> [Instructions for the task]:
Copy out the data in full and exactly, passing over the pictures.

> [Data block]:
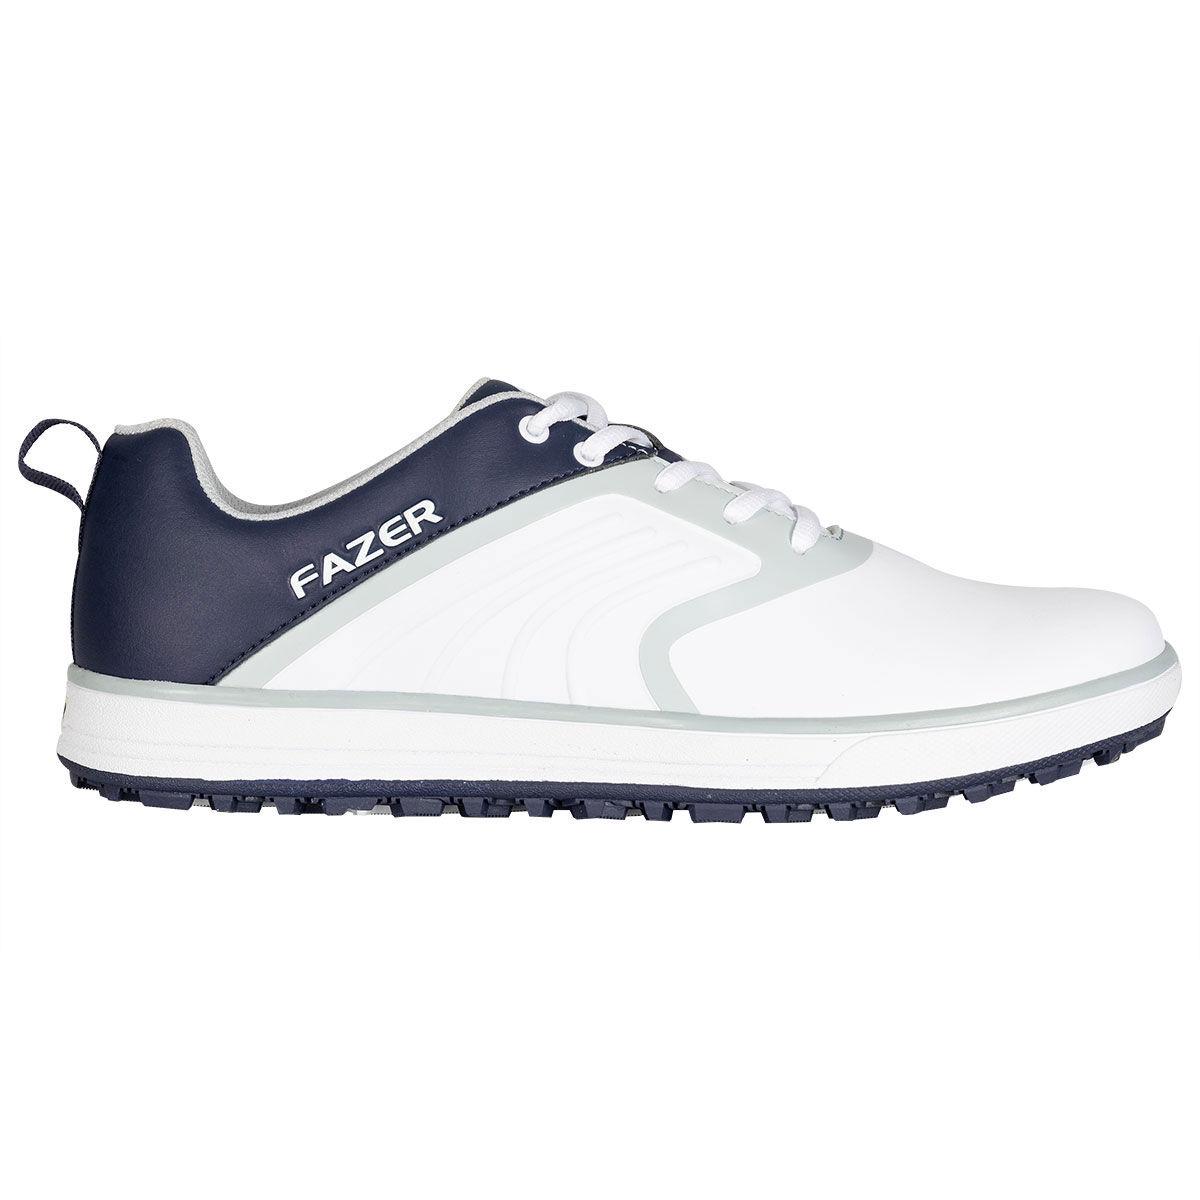 Fazer FZ-02 Europa Spikeless Golf Shoes, Male, White/Navy, 10, Regular
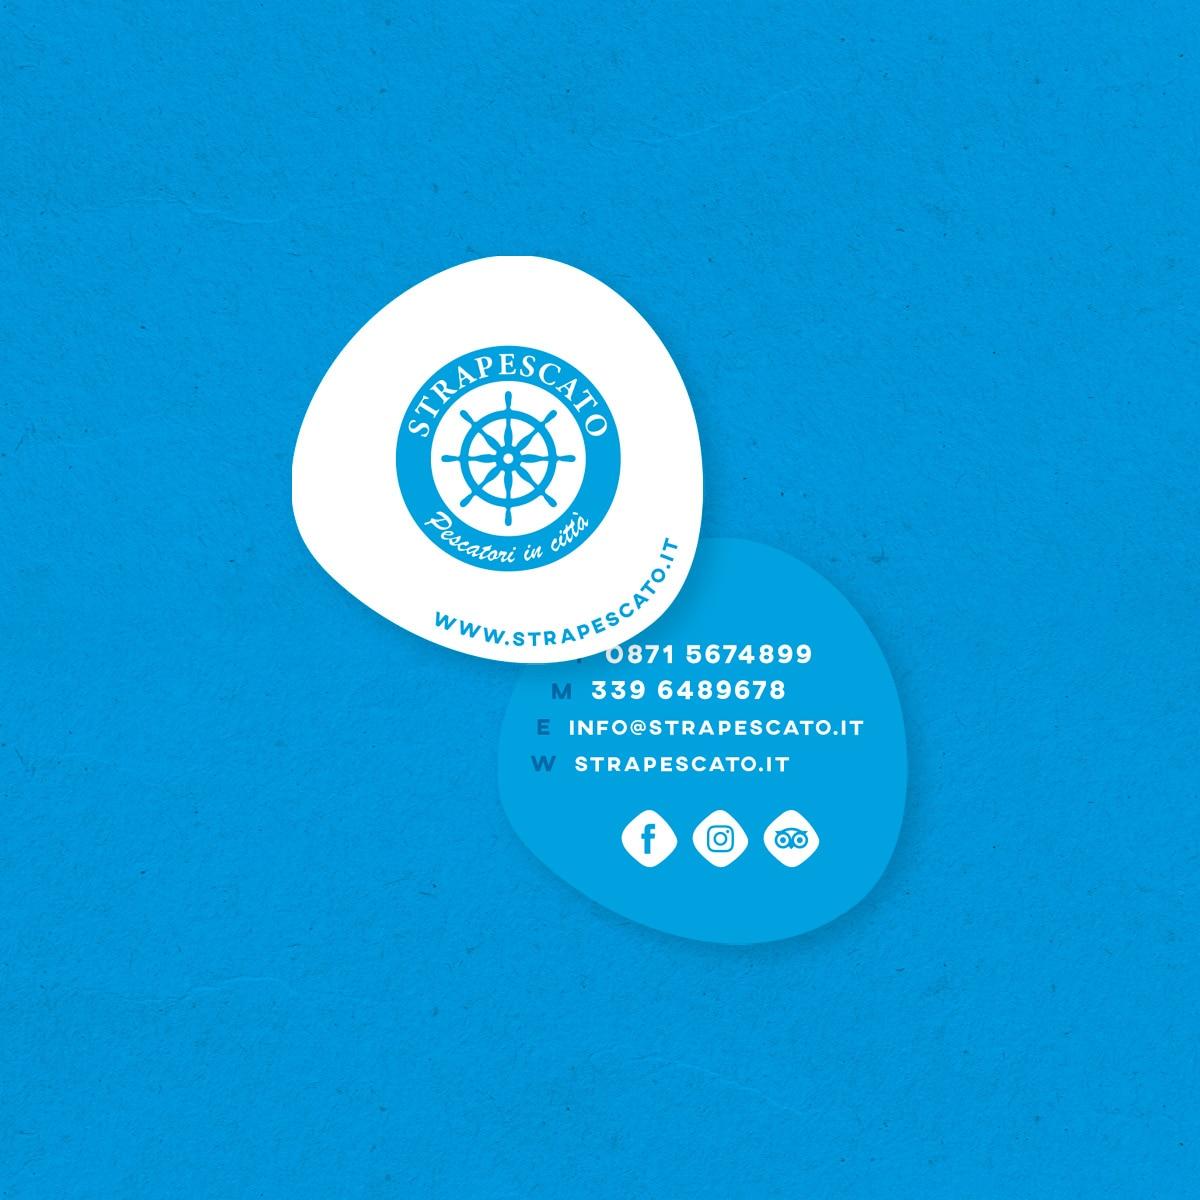 constant design realizzazione biglietti da visita Strapescato L'Aquila siti web L'Aquila
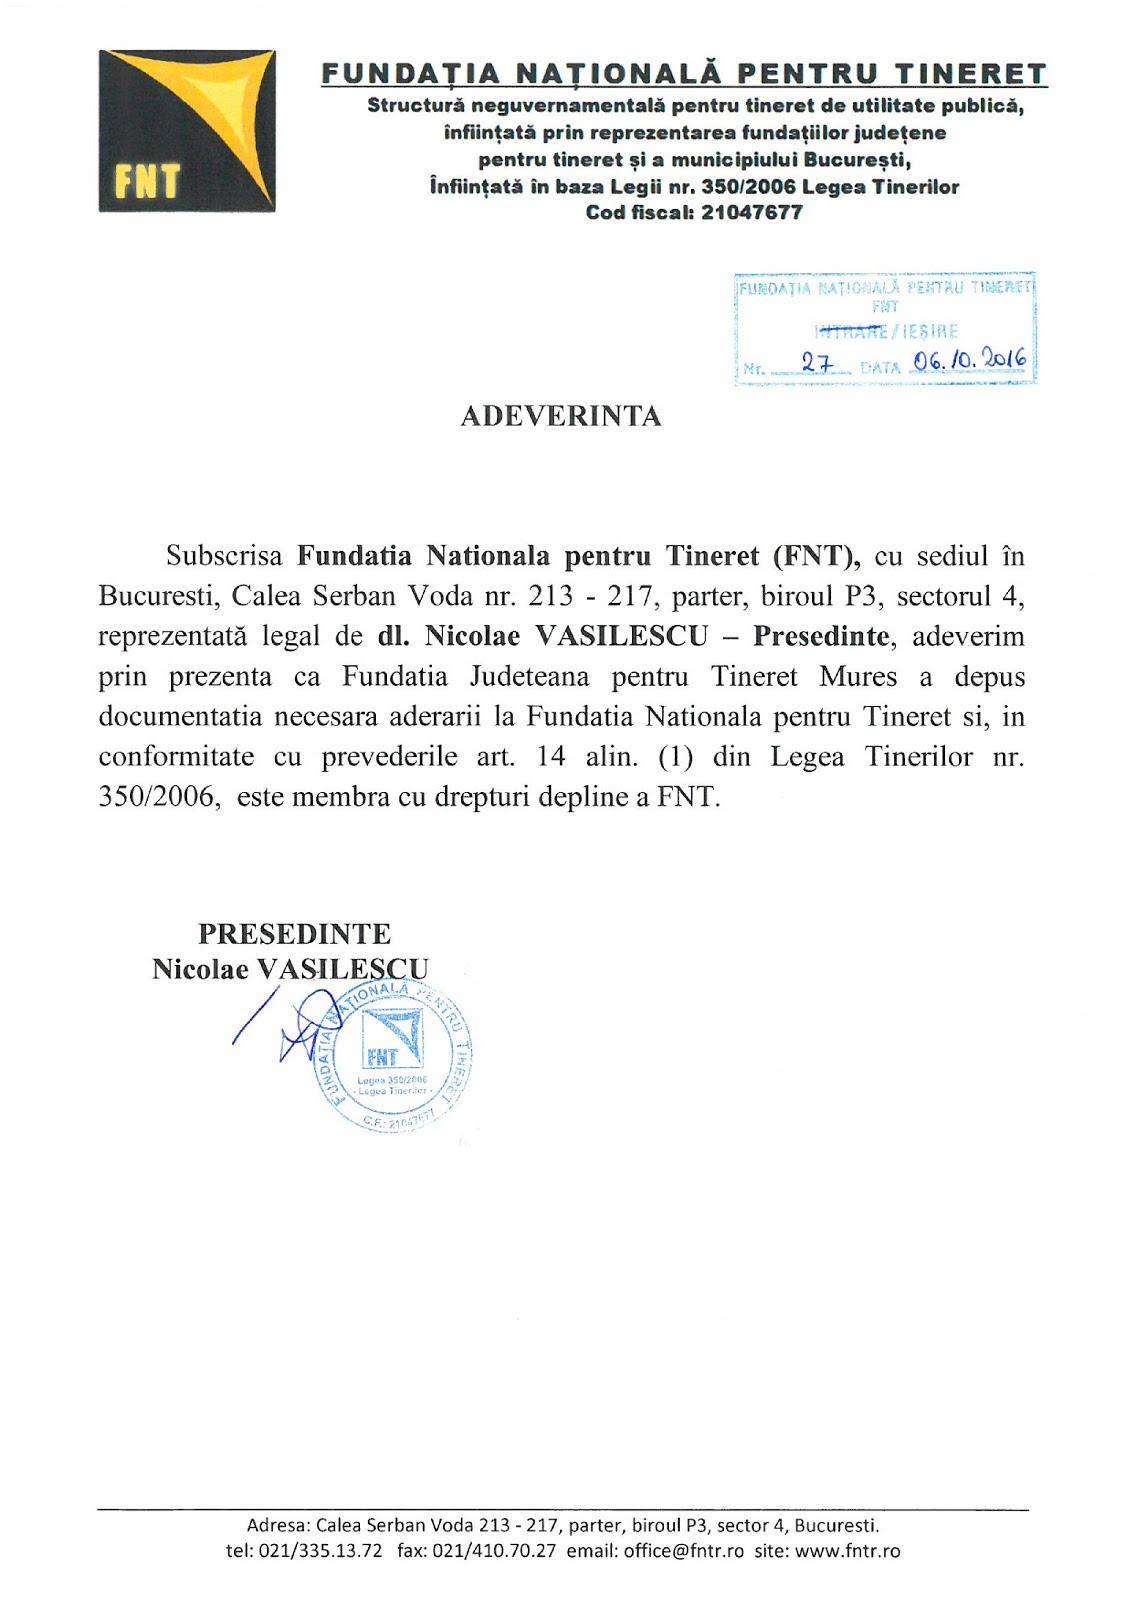 Fundatia Judeteana pt Tineret Mures (FJTMS) persoana juridica de utilitate publica.
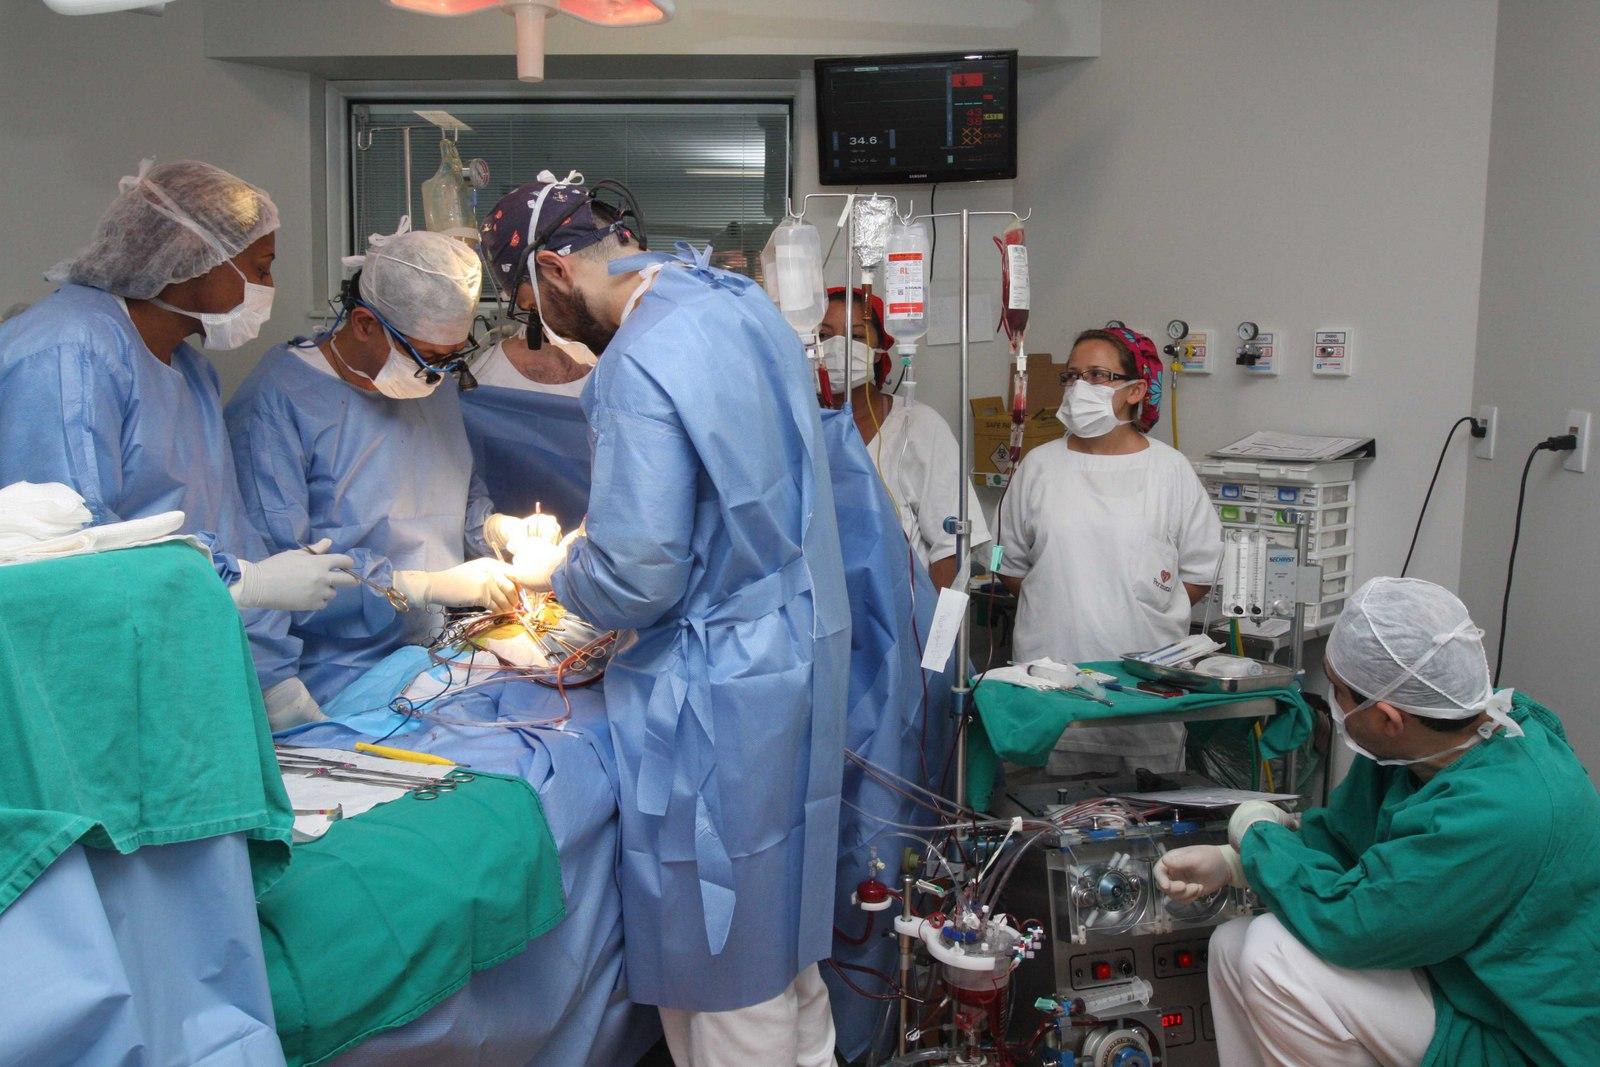 Estima-se que mais de 2,3 mil pessoas morreram à espera de um transplante de órgão no Brasil no ano passado. Foto: Rogério Santana/ GERJ

> [Exercise output]:
 Fazer FZ-02 Europa Spikeless Golf Shoes, Male, White/Navy, 10, Regular
 constant design realizzazione biglietti da visita Strapescato L'Aquila siti web L'Aquila
 Fundatia Judeteana pt Tineret Mures (FJTMS) persoana juridica de utilitate publica.
 Estima-se que mais de 2,3 mil pessoas morreram à espera de um transplante de órgão no Brasil no ano passado. Foto: Rogério Santana/ GERJ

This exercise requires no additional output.